The least expensive source of carbon for recycling into fuel is flue-gas emissions from fossil-fuel combustion, where it can be extracted for about US$7.50 per ton. Automobile exhaust gas capture has also been proposed to be economical but would require extensive design changes or retrofitting. Since carbonic acid in seawater is in chemical equilibrium with atmospheric carbon dioxide, extraction of carbon from seawater has been studied. Researchers have estimated that carbon extraction from seawater would cost about $50 per ton. Carbon capture from ambient air is more costly, at between $600 and $1000 per ton and is considered impractical for fuel synthesis or carbon sequestration.

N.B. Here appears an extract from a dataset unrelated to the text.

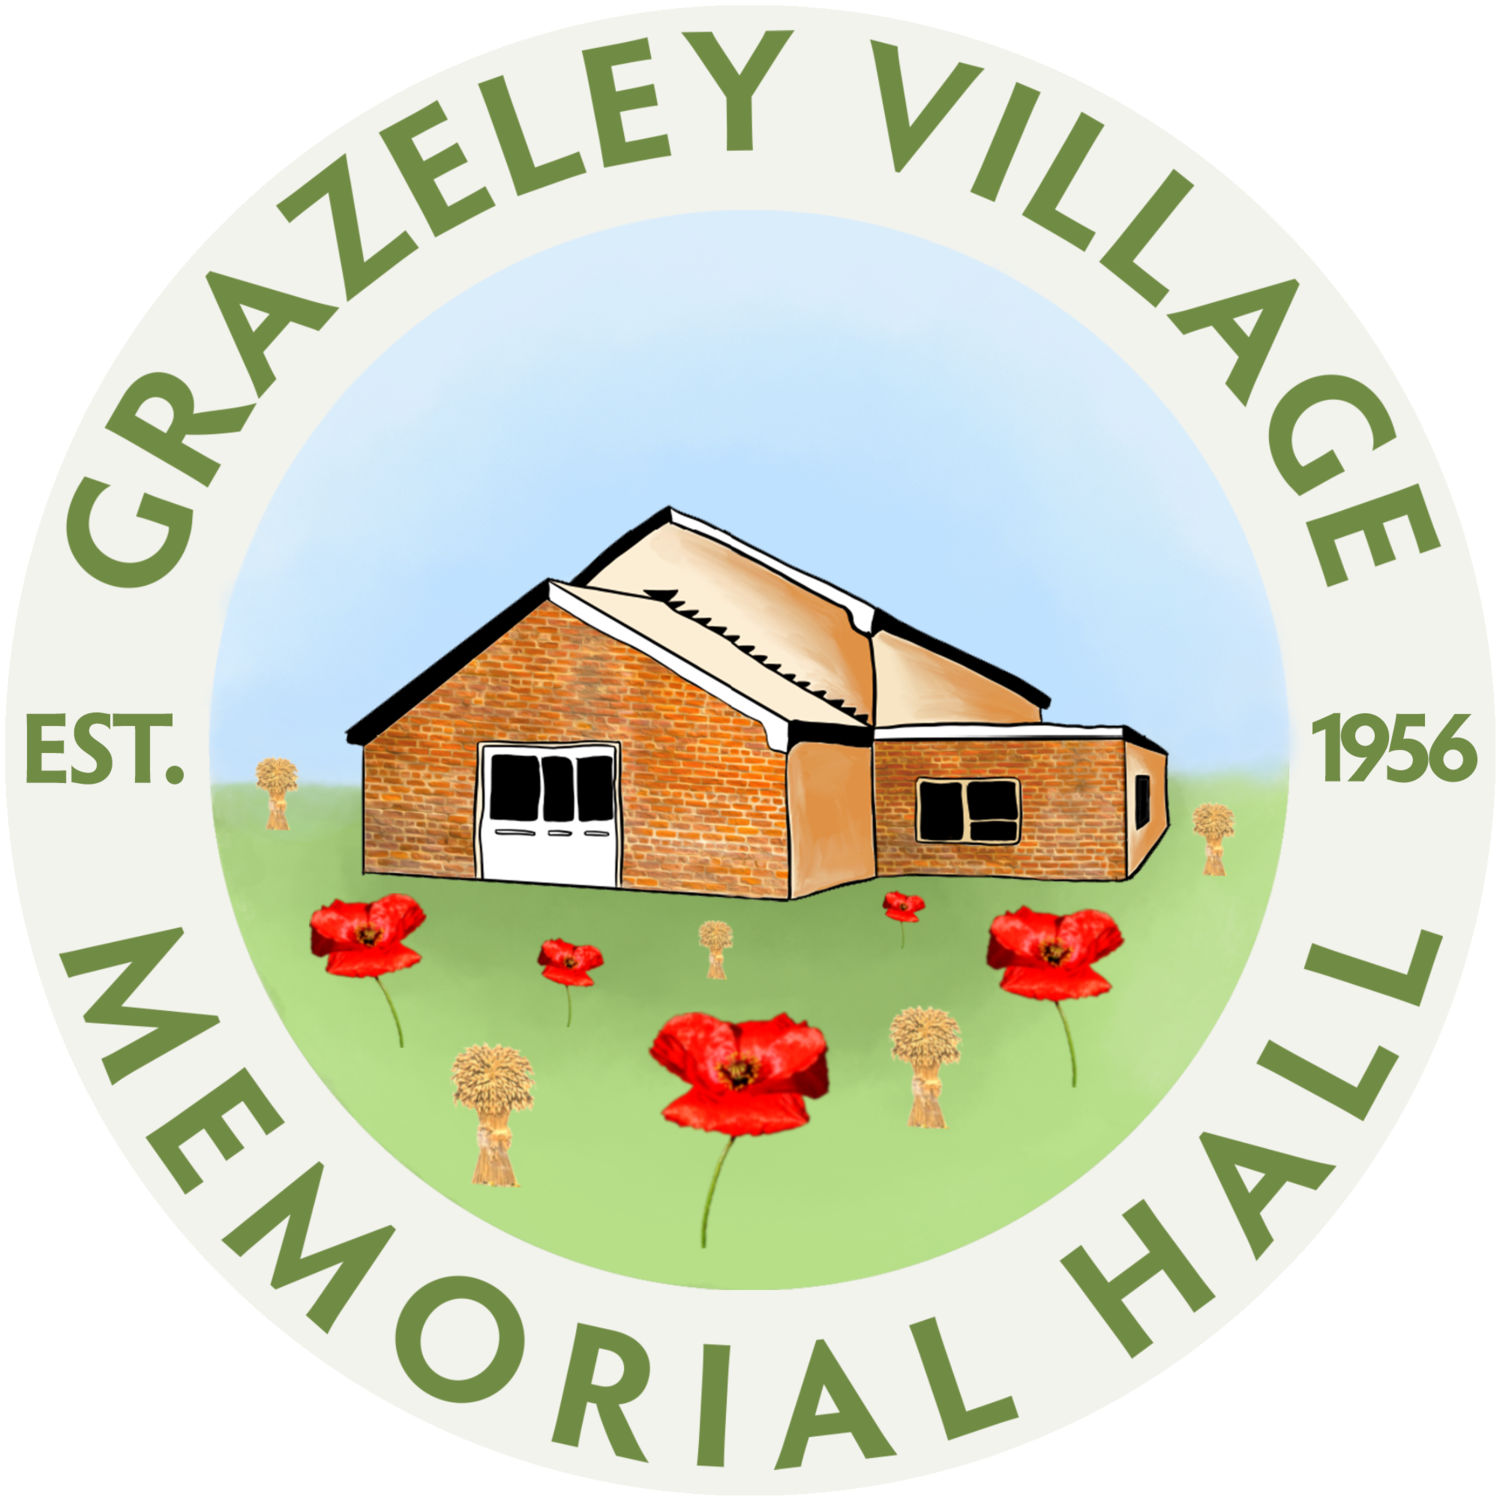 Grazeley Village Memorial Hall
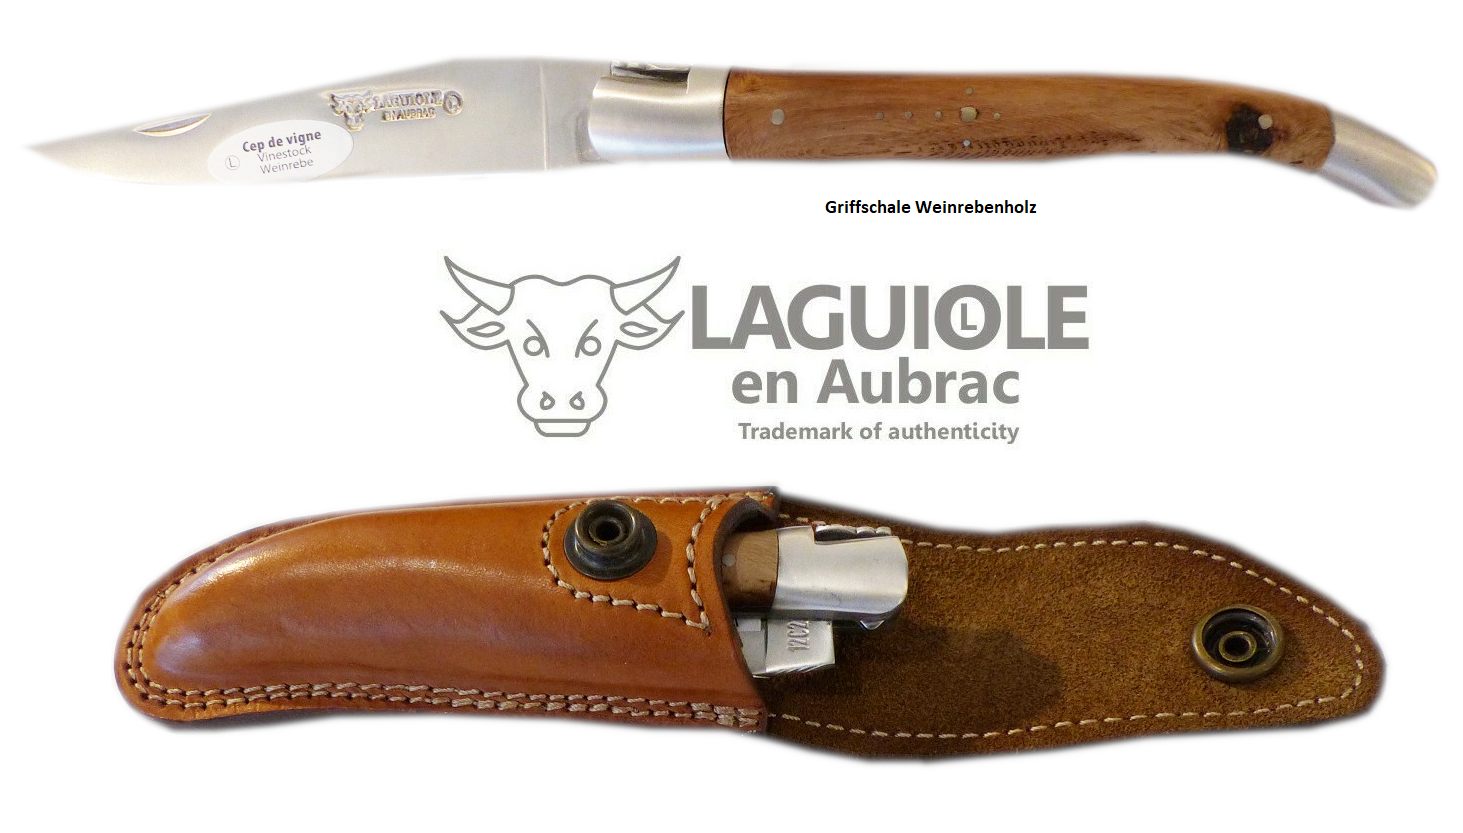 LAGUIOLE en Aubrac Original Taschenmesser Griffschalen aus Werinrebenholz

Nighttime wind power is considered the most economical form of electrical power with which to synthesize fuel, because the load curve for electricity peaks sharply during the warmest hours of the day, but wind tends to blow slightly more at night than during the day. Therefore, the price of nighttime wind power is often much less expensive than any alternative. Off-peak wind power prices in high wind penetration areas of the U.S. averaged 1.64 cents per kilowatt-hour in 2009, but only 0.71 cents/kWh during the least expensive six hours of the day. Typically, wholesale electricity costs 2 to 5 cents/kWh during the day. Commercial fuel synthesis companies suggest they can produce fuel for less than petroleum fuels when oil costs more than $55 per barrel. The U.S. Navy estimates that shipboard production of jet fuel from nuclear power would cost about $6 per gallon. While that was about twice the petroleum fuel cost in 2010, it is expected to be much less than the market price in less than five years if recent trends continue. Moreover, since the delivery of fuel to a carrier battle group costs about $8 per gallon, shipboard production is already much less expensive. However, U.S. civilian nuclear power is considerably more expensive than wind power. The Navy's estimate that 100 megawatts can produce 41,000 gallons of fuel per day indicates that terrestrial production from wind power would cost less than $1 per gallon.
Hydrogen and formic acid
Hydrogen is an emissionless fuel. The byproduct of hydrogen burning is water, although some mono-nitrogen oxides NOx are produced when hydrogen is burned with air.Another fuel is formic acid. The fuel is used by converting it first to hydrogen and using that in a fuel cell. Formic acid is much more easy to store than hydrogen.